%%
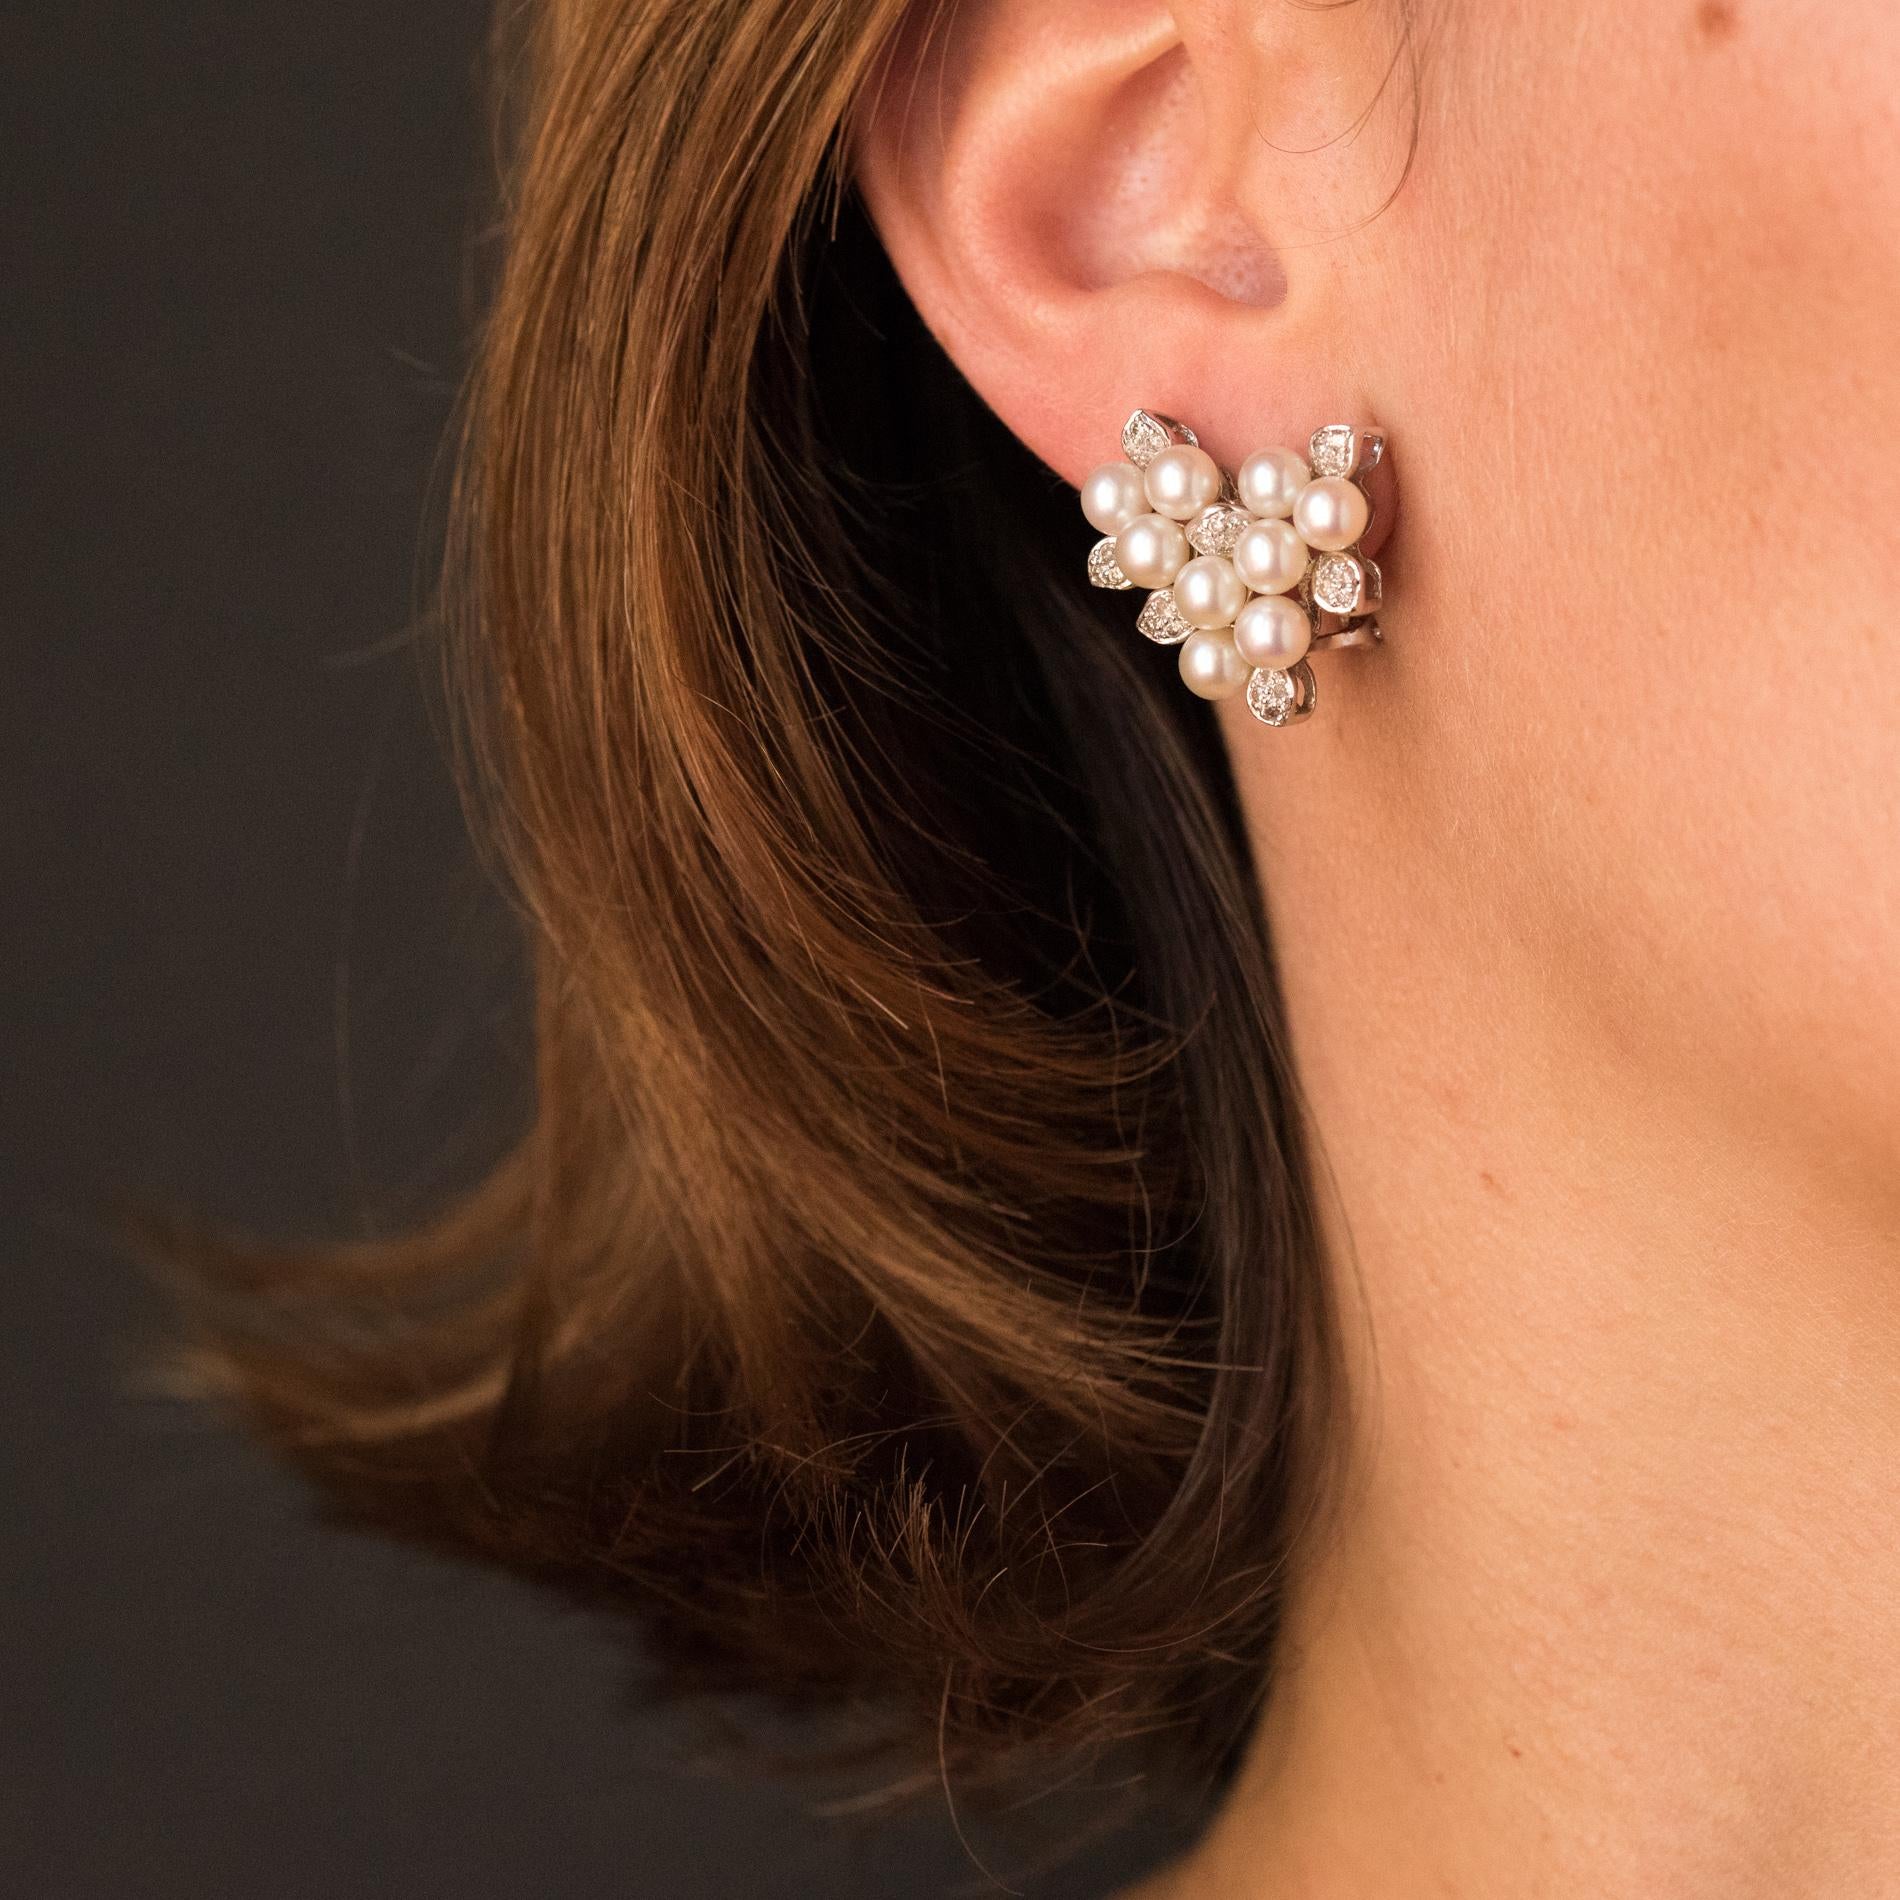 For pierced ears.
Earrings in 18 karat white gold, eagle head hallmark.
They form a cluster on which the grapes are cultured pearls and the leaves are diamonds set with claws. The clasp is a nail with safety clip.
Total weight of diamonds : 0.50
%%
Task description: Return the whole listing exactly, minus its pictures.

Result of the exercise:
 For pierced ears.
Earrings in 18 karat white gold, eagle head hallmark.
They form a cluster on which the grapes are cultured pearls and the leaves are diamonds set with claws. The clasp is a nail with safety clip.
Total weight of diamonds : 0.50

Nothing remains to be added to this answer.